If they get their AUM back up to where it was at the peak, which was around $28 billion (according to the chart at the top of the post) and they maintain 60% margins, PZN would be worth $14.22/share.
Deep Value Investing Cycle
Anyway, as I was looking at PZN, I found an interesting thing that Pzena said on one of his conference calls describing the cycle of deep value investing and it was really interesting. He also has some great information on his website regarding value investing and why it will continue to work.
It is so interesting, in fact, that I was going to put it into this post, but I think it’s worth a whole separate post so I’ll make that post later.
The bottom line is that deep value has been hugely out of favor, but this pattern of being out of favor is consistent with past cycles. And if past cycles is any guide, there will be many years of outperformance going forward from here.
This is really an interesting situation and I didn’t realize how undervalued it was. It has always seemed a little expensive to me, but having gone through the above analysis (and seeing that AUM is coming back up), it is looking pretty good now.
In the case of PZN, I would not worry about the board and management at all. These guys are solid, deep value guys and I like that they don’t veer away from what they’re good at. Everyone else seems to be style-drifting to accomodate the increasing risk aversive and market-neutral bias of institutional clients, but I like how they stick to their guns.
Also, they are not pushing funds out left and right to increase AUM at all costs. They are disciplined and seem to really want to do a good job on the few strategies they run.
As you will see in my next post, deep value and even regular value is hugely out of favor, and despite new highs in the market, it still feels like the stock market is kind of out of favor too.
So what do we have?
- Stocks may be an underappreciated asset class (bond/hedge fund bubble), even though I am aware of the “stocks are overvalued” argument.
- Stocks will do well over time, and particularly value will do well, I think. Pzena demonstrates that deep value may be at a low point (or in the early stages of deep value outperformance) with years of substantial outperformance ahead (see my next post on the deep value cycle).

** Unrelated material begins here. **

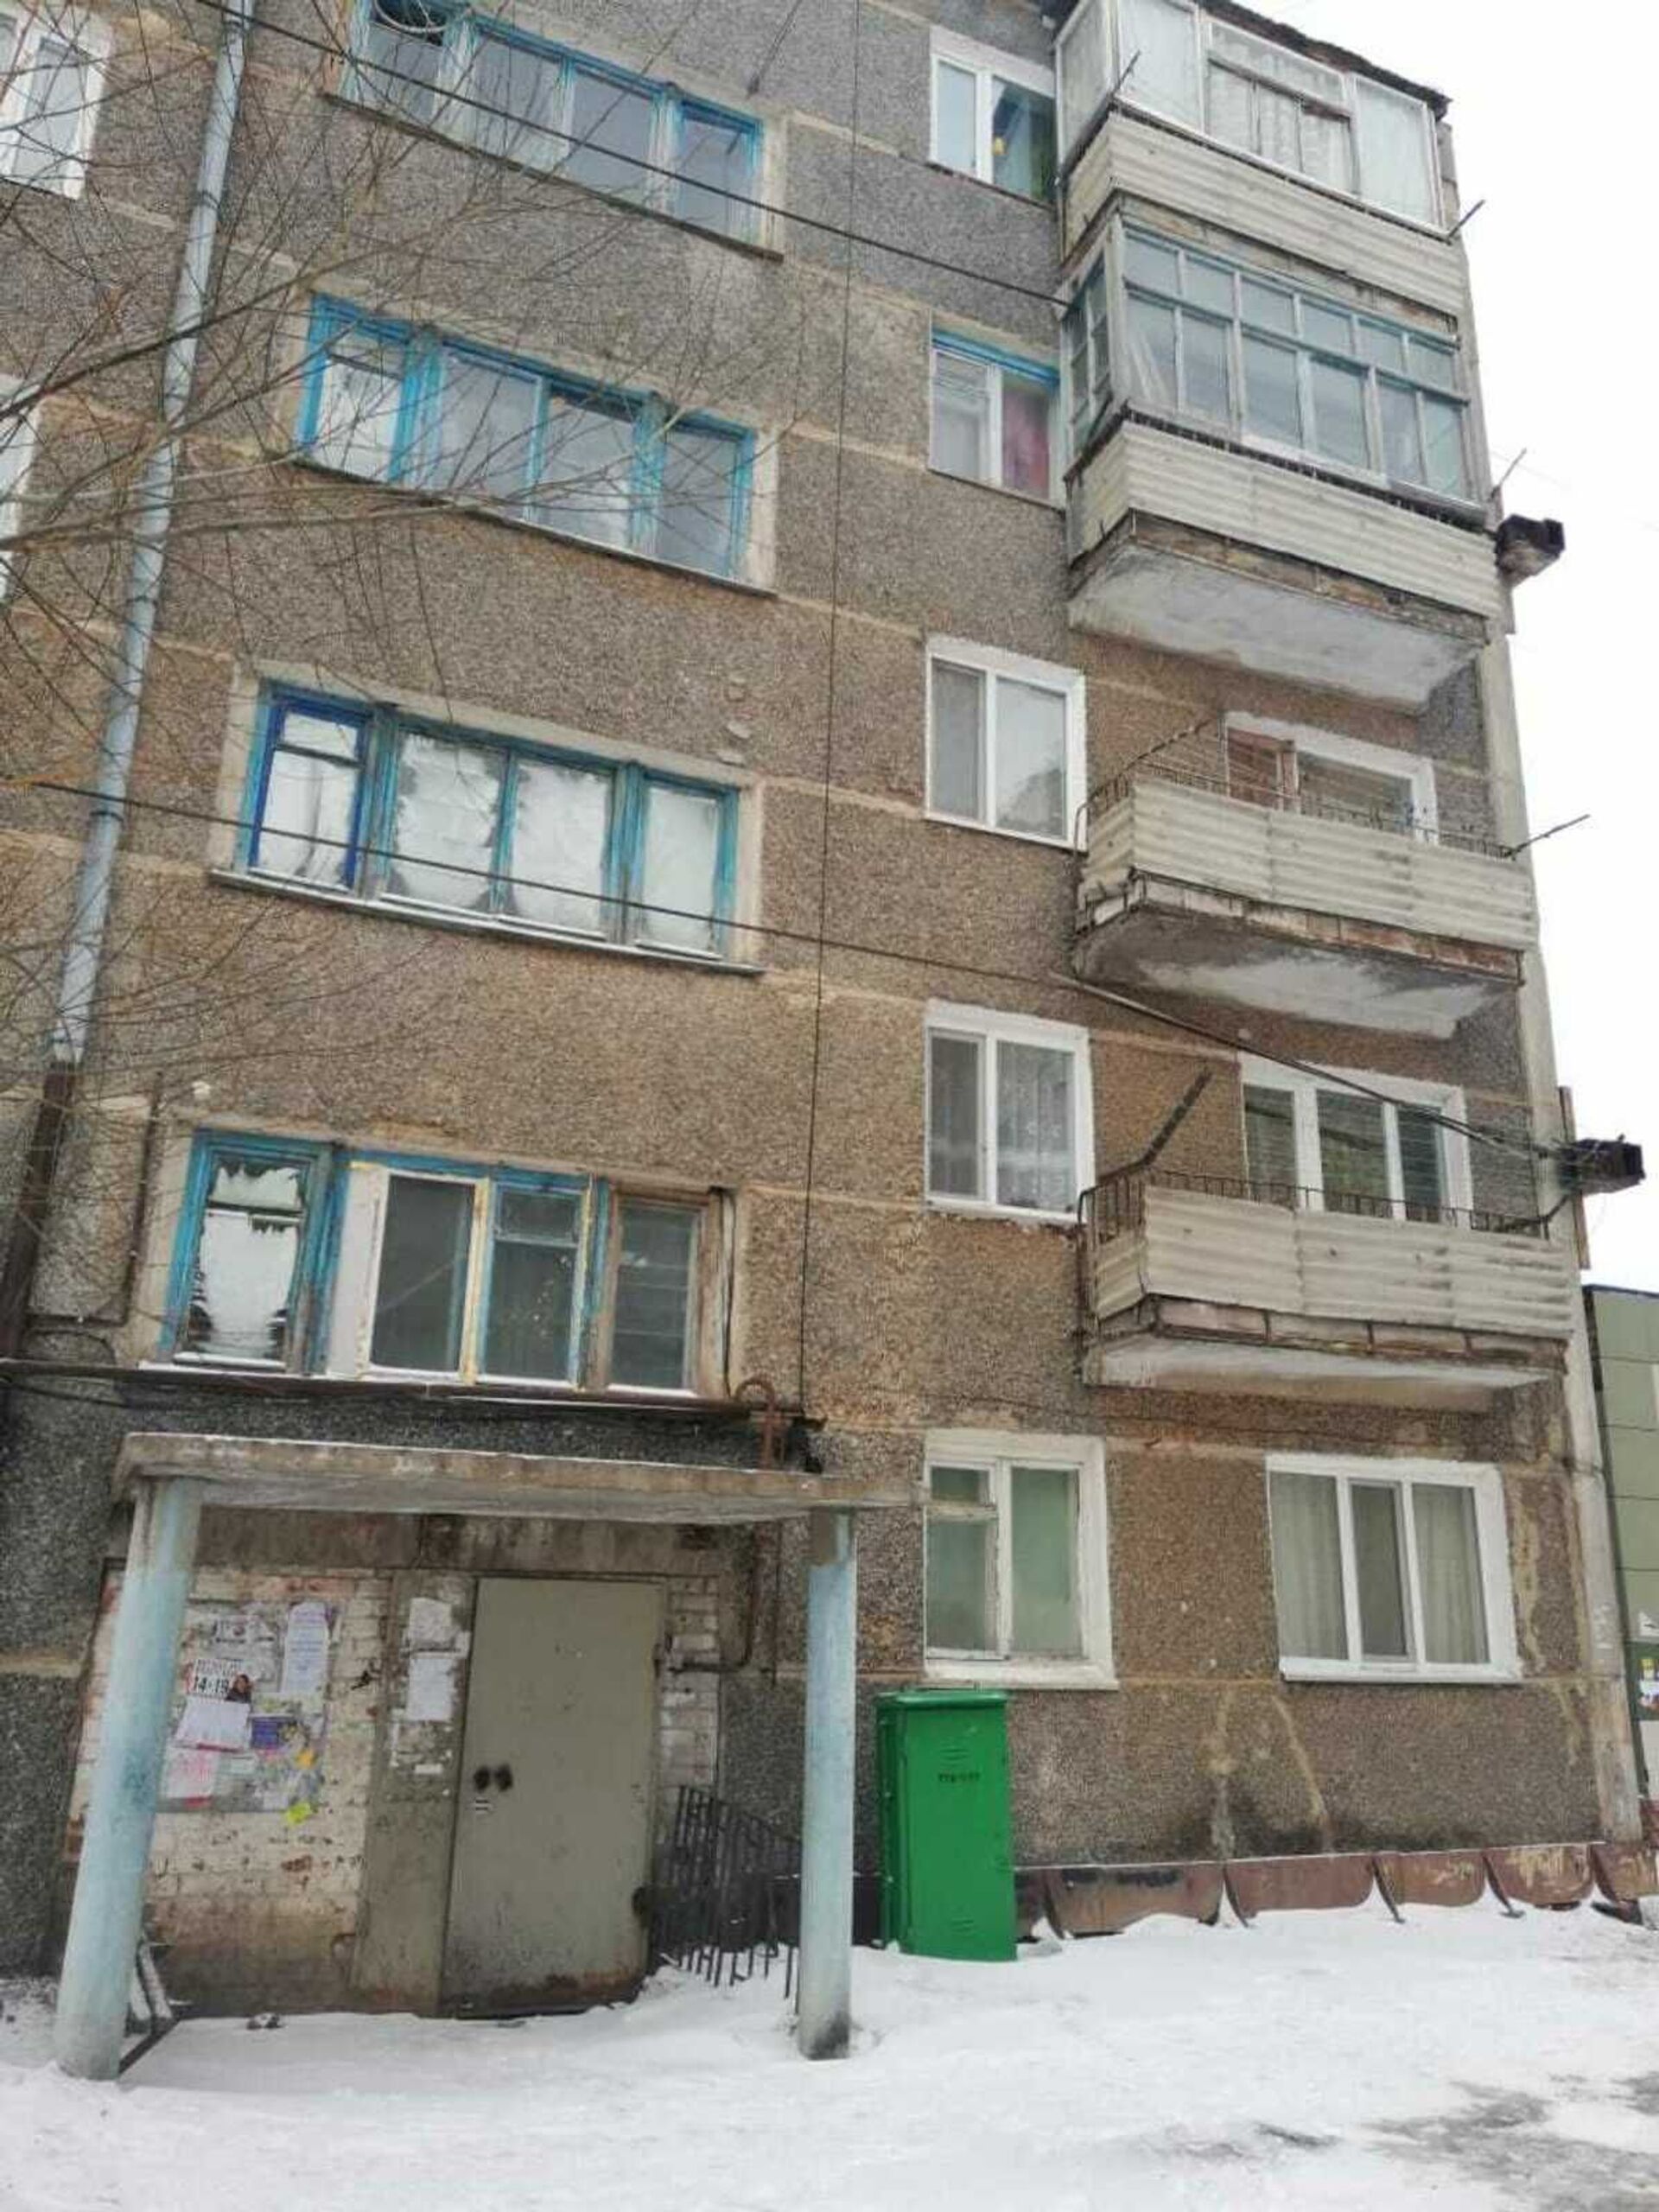 Дом-парадокс, обтянутый тросами: для жильцов пятиэтажки в Кокшетау строят новое жилье - Sputnik Казахстан, 1920, 31.03.2021

- PZN is a small shop with significant operating leverage so if this pans out, they can do really, really well. And as I said, asset managers will often outperform the asset class due to this leverage etc. PZN is a small, very manageable operation run by a solid guy.
- PZN stock is cheap, given the above assumptions. The simplicity of the business model, of their investment strategy, the transparency etc. makes this really an easy stock to own (unless of course, you are calling for a multi-year bear market or depression).
The big negative (other than the usual risk of the stock market), of course, is PZN’s performance during the crisis.
As I said, I too scratch my head at people jumping into financials in front of the biggest crisis in history, but I also understand that just because someone buys something that doesn’t work out shouldn’t automatically disqualify them; if they can outperform over time, that is going to be the key issue and PZN has a good chance of doing that.